*Work required*: Set the listing down again in full, word for word, with the pictures left out.

Exercise data below:

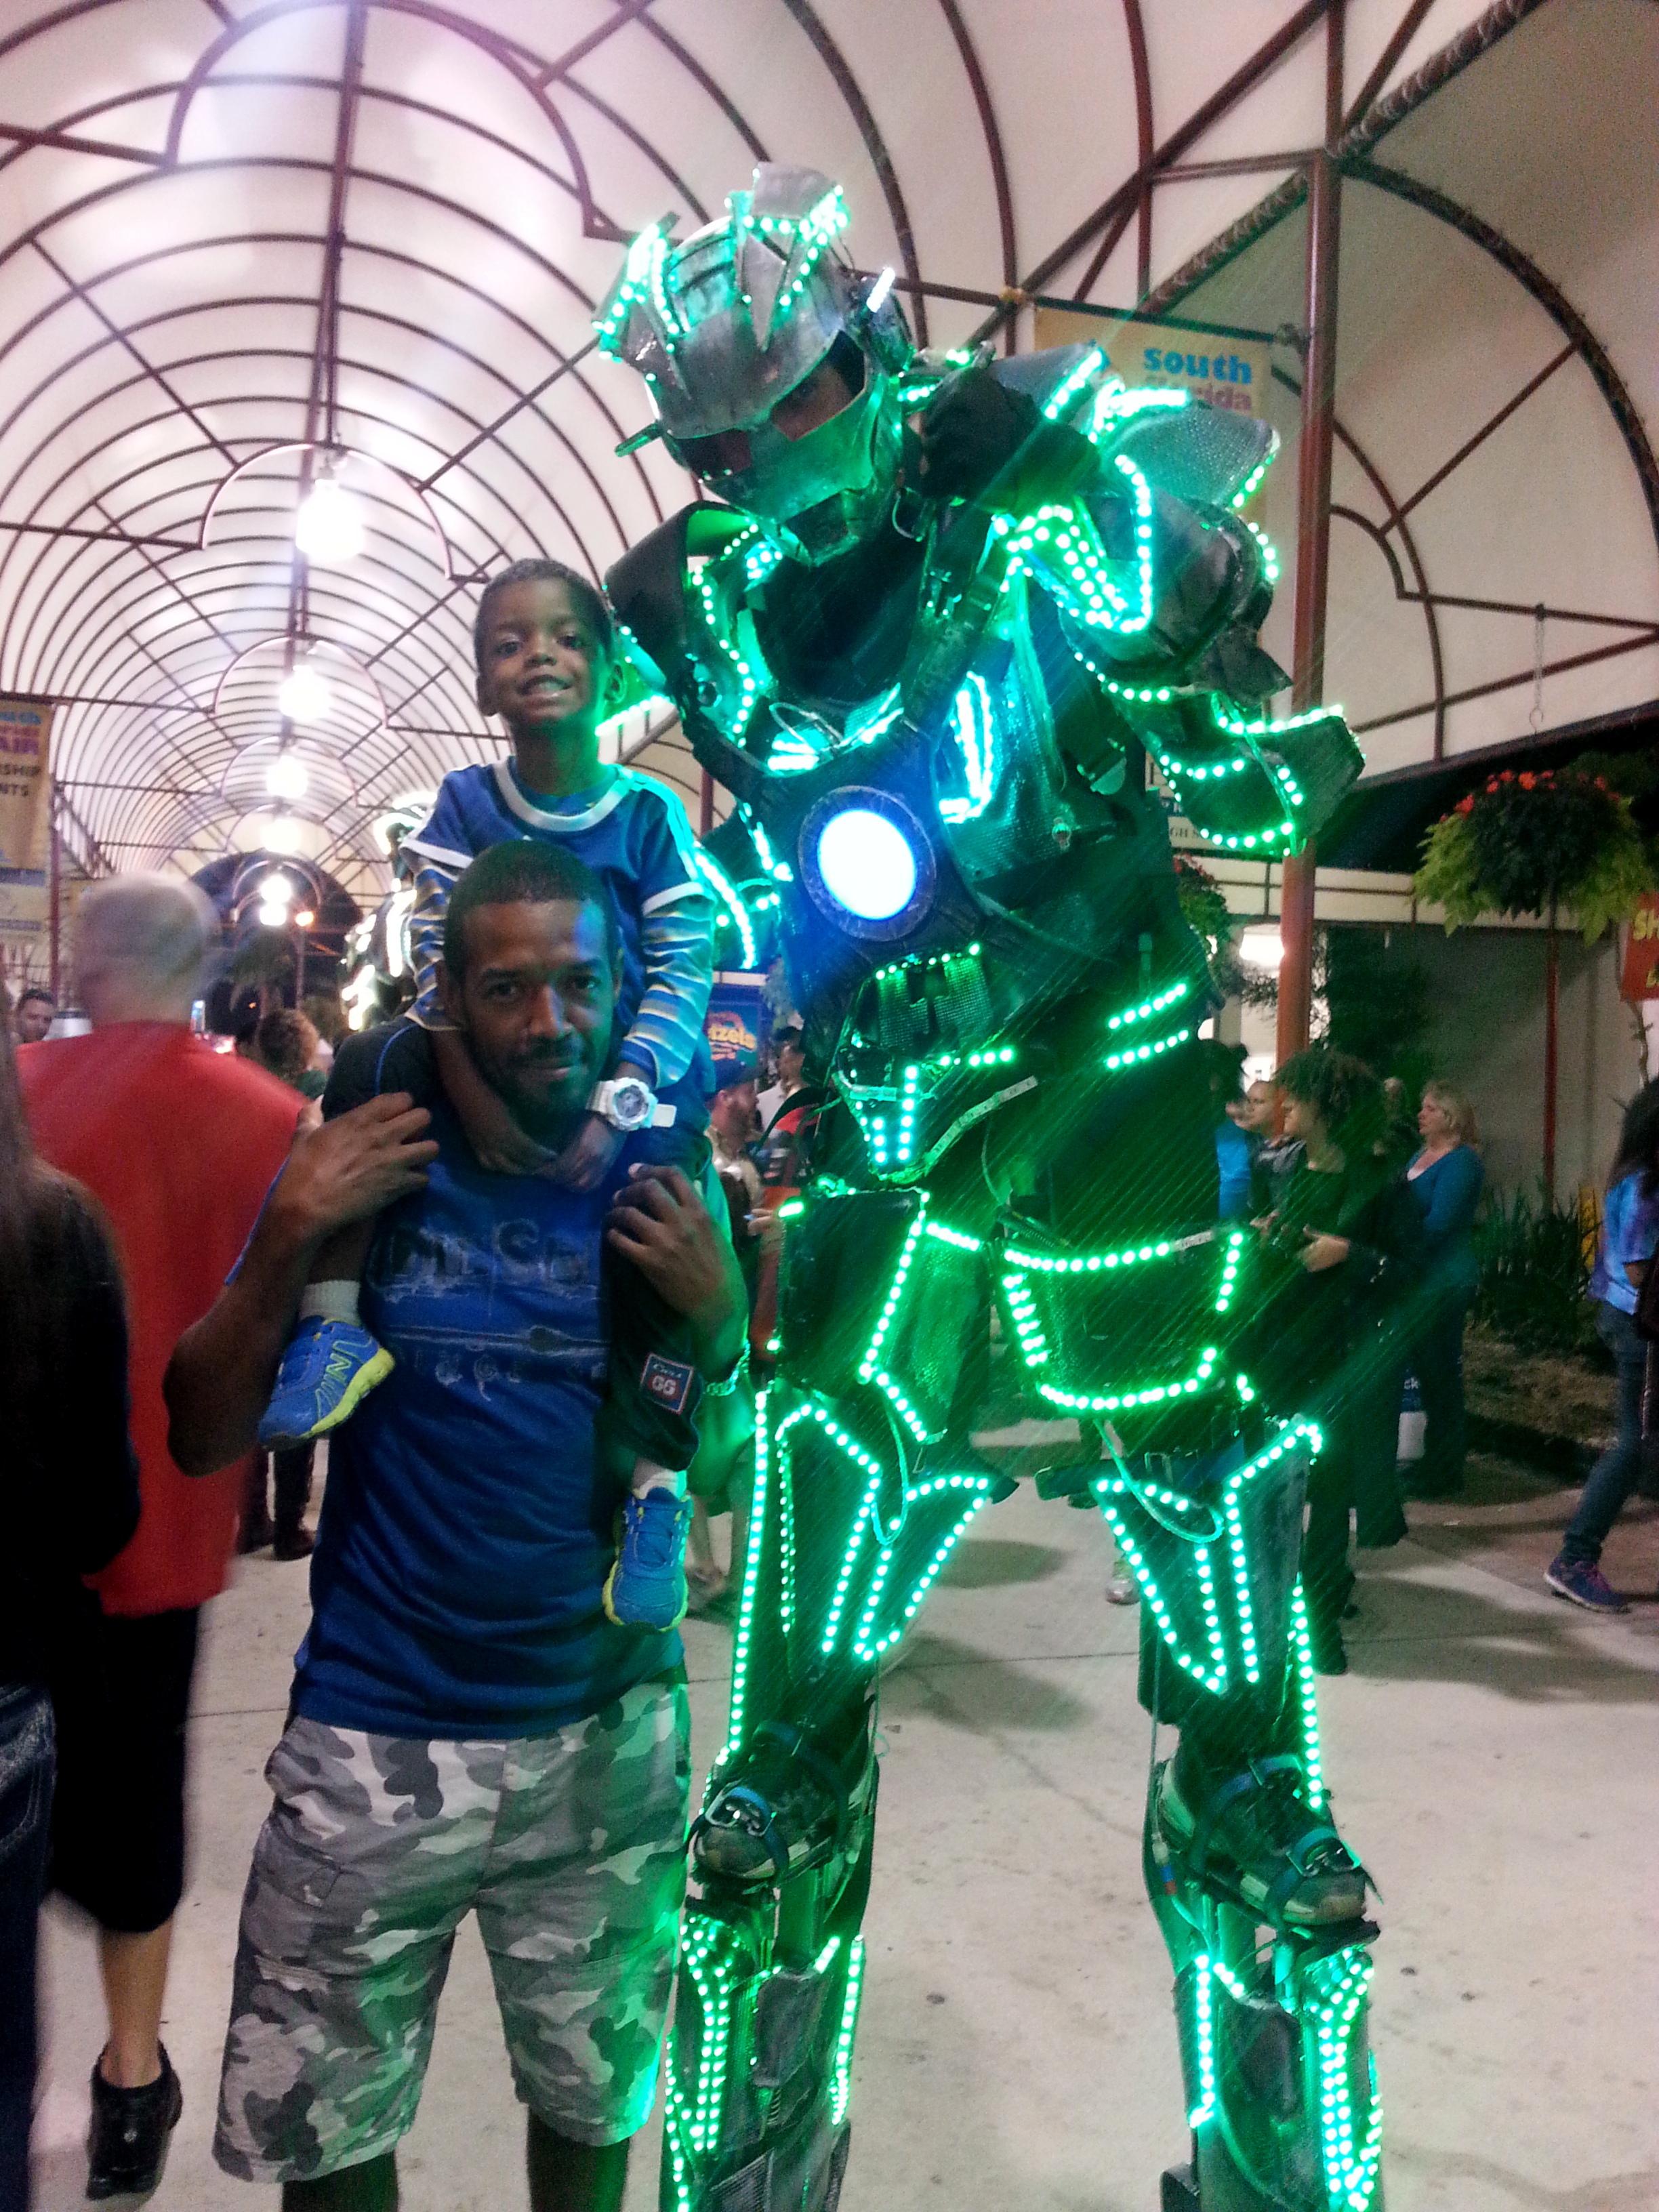 south florida fair LED robots daddy and gabe
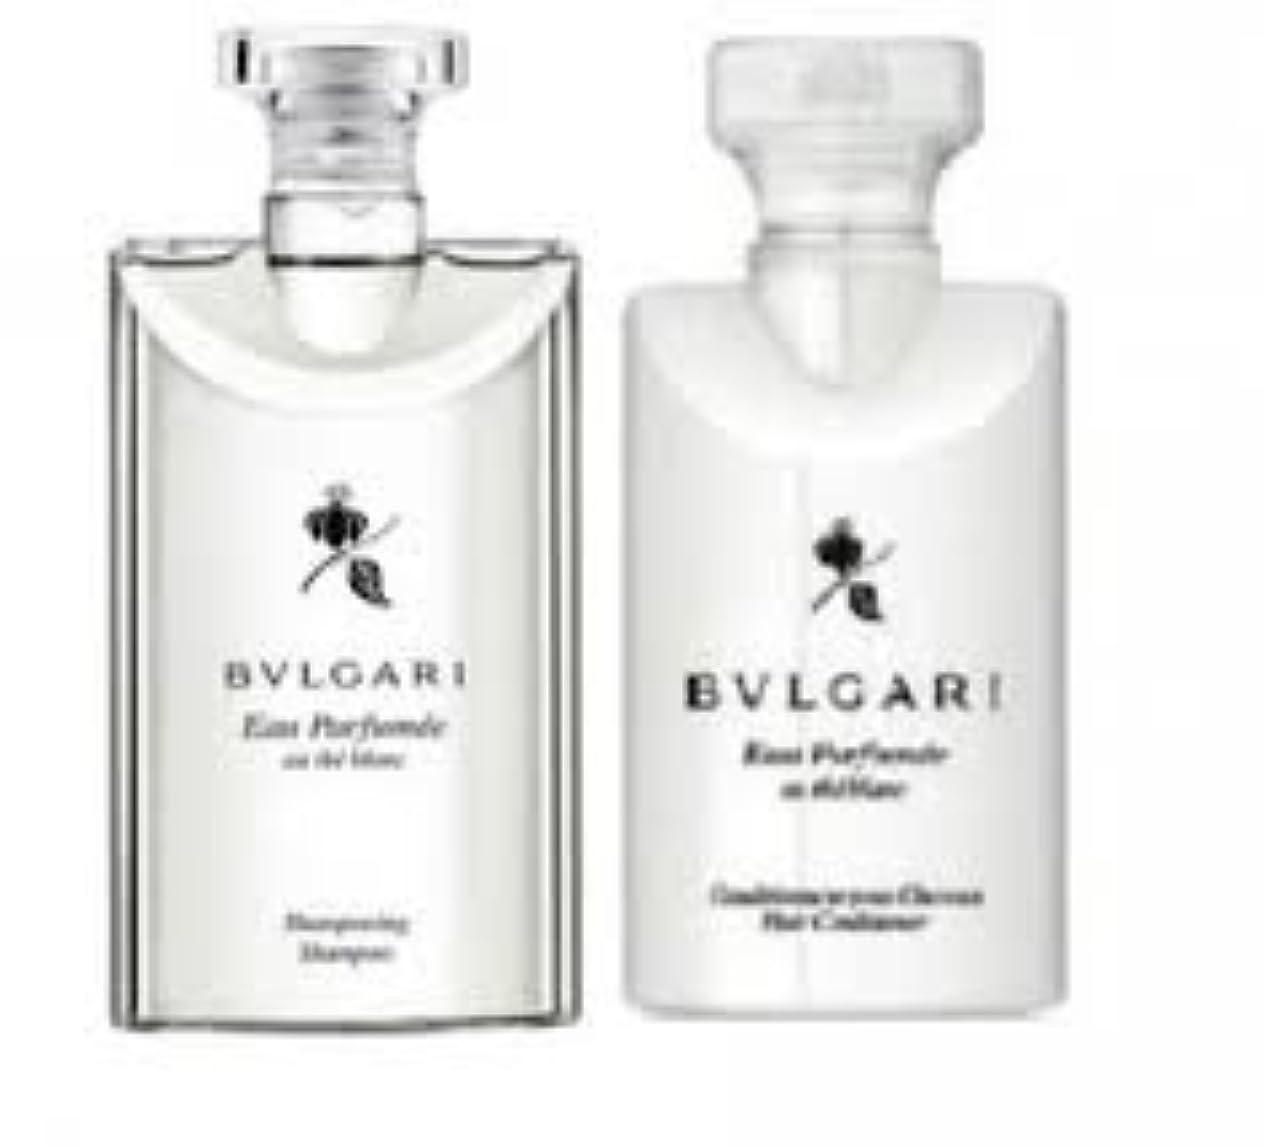 Bvlgari Eau Parfumee Au The Blanc (ブルガリ オー パフュ-メ オウ ブラン) 2.5 oz (75ml) シャンプー & ヘアーコンディショナー
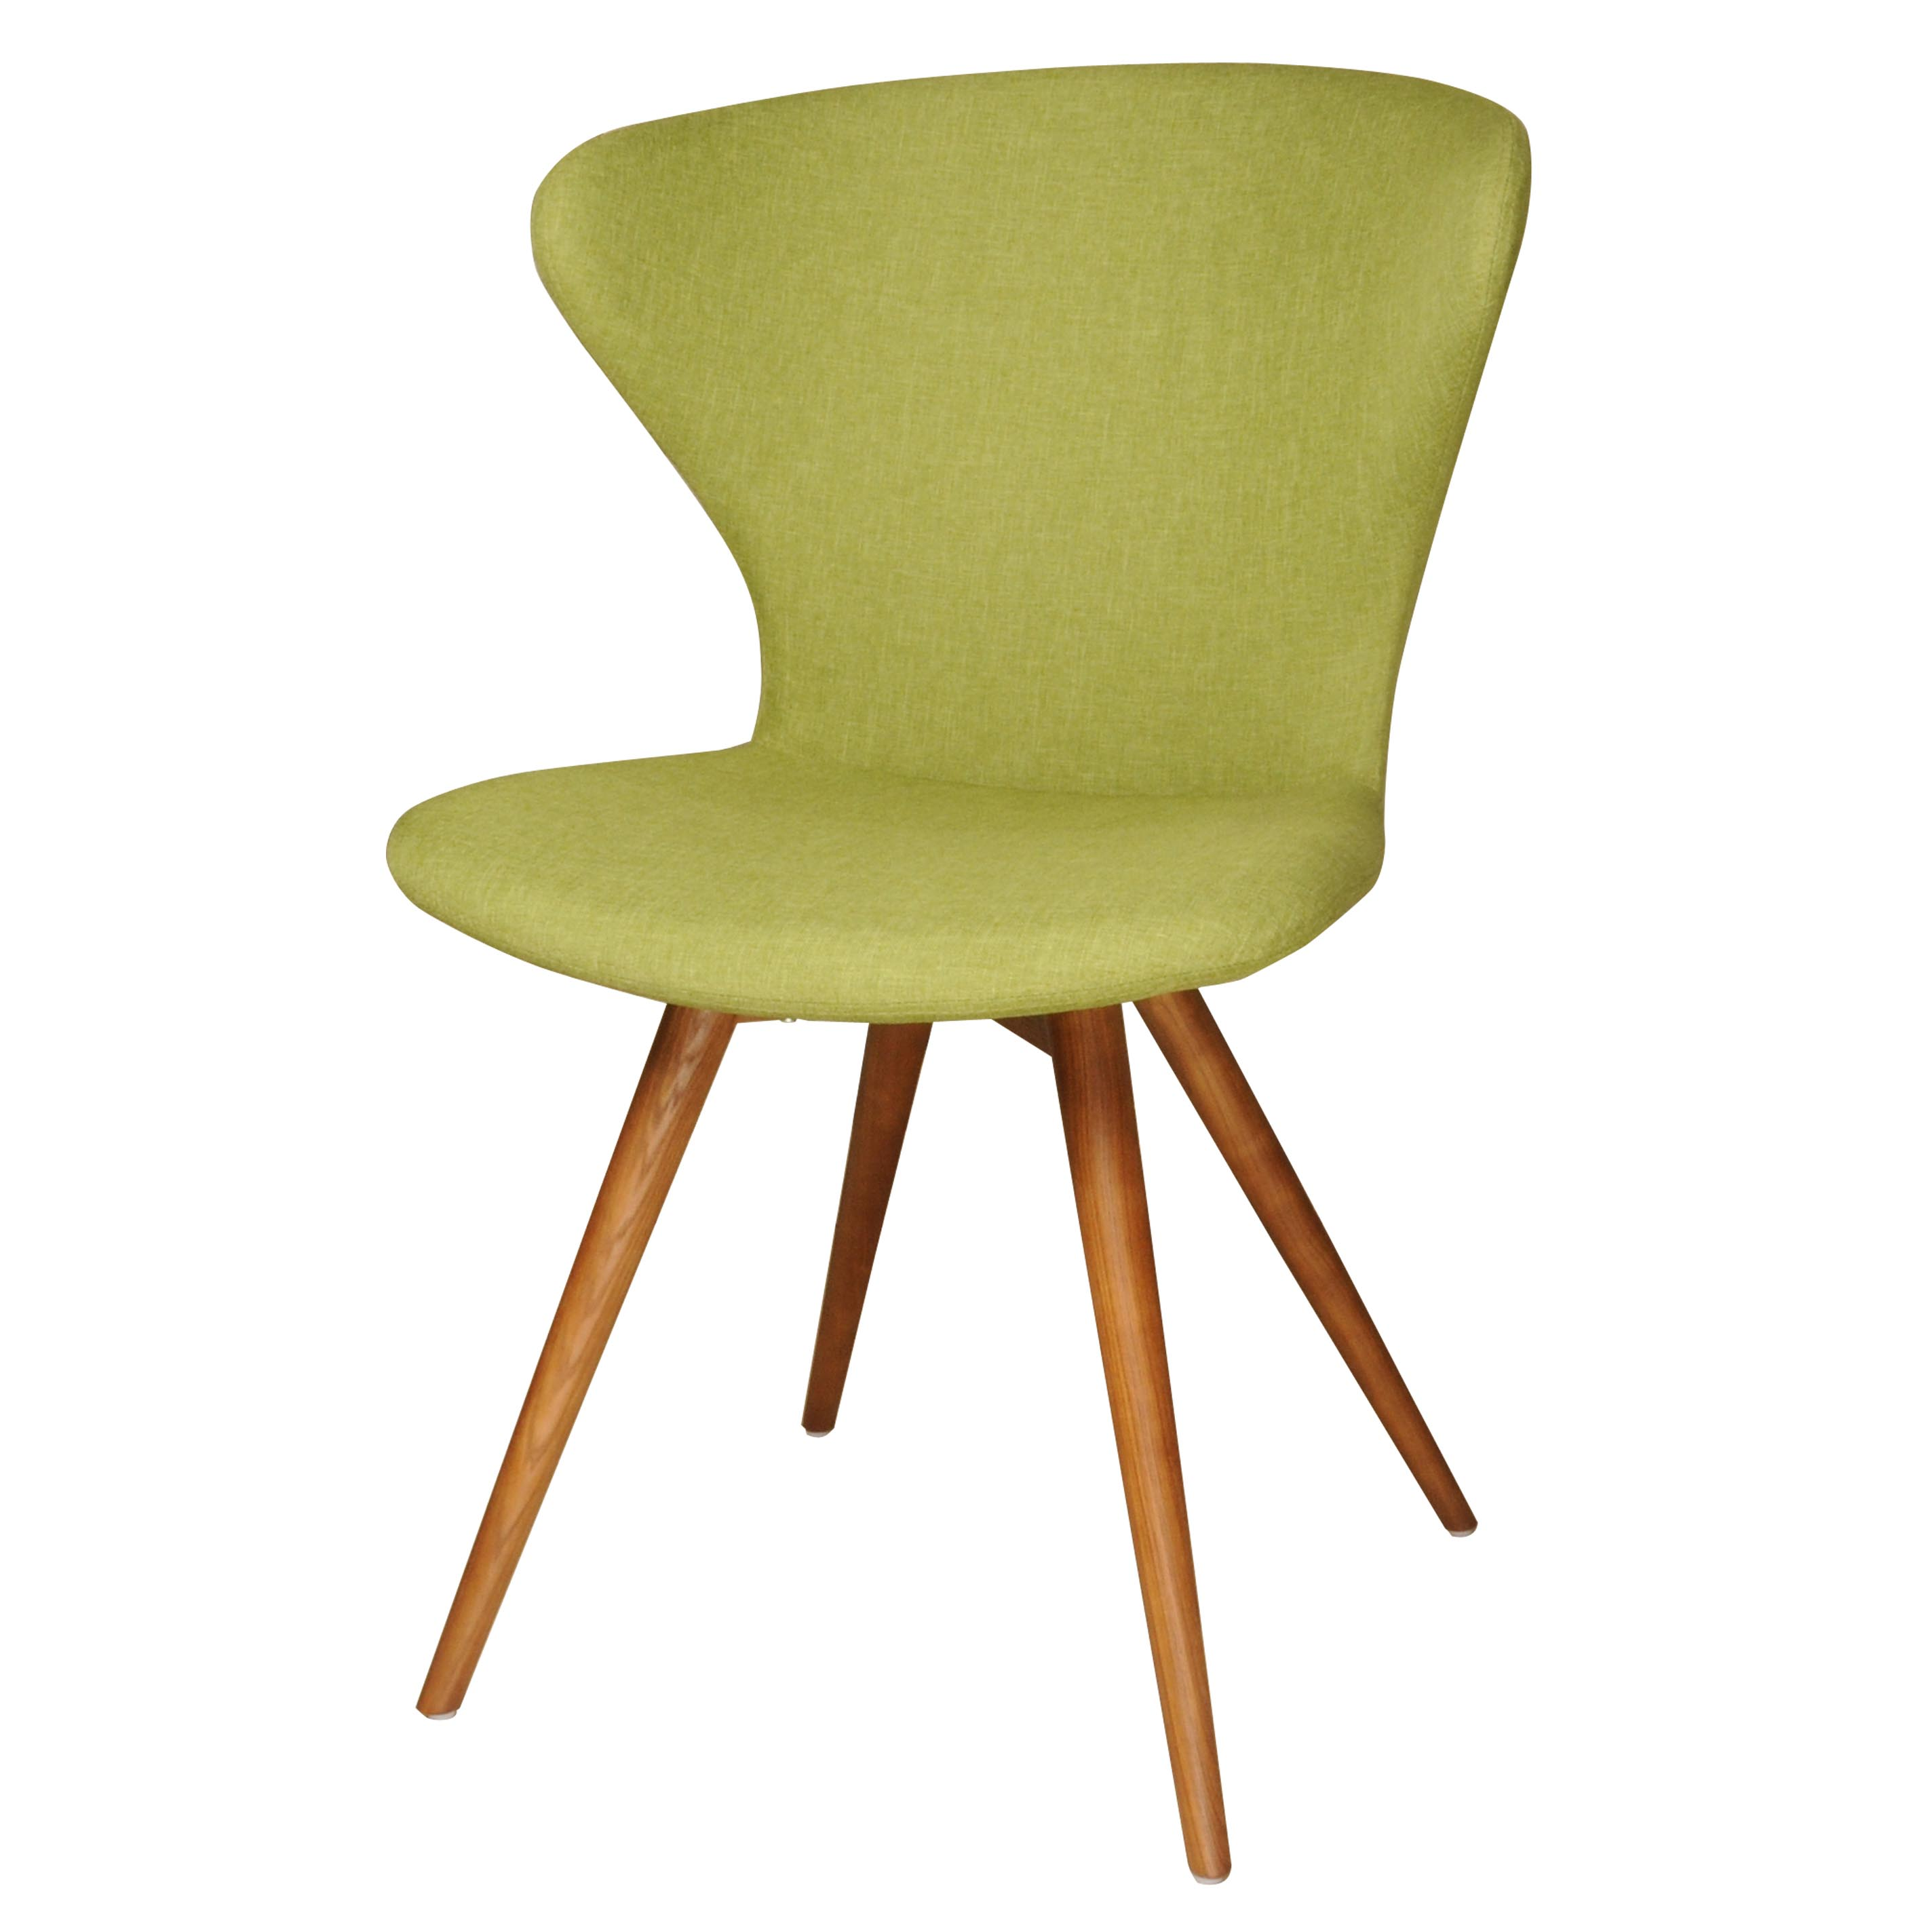 Brianda Kd Fabric Chair Walnut Legs Limerick Boulevard

End of Exercise data.

*Finished exercise*:
 south florida fair LED robots daddy and gabe
 Bvlgari Eau Parfumee Au The Blanc (ブルガリ オー パフュ-メ オウ ブラン) 2.5 oz (75ml) シャンプー & ヘアーコンディショナー
 Brianda Kd Fabric Chair Walnut Legs Limerick Boulevard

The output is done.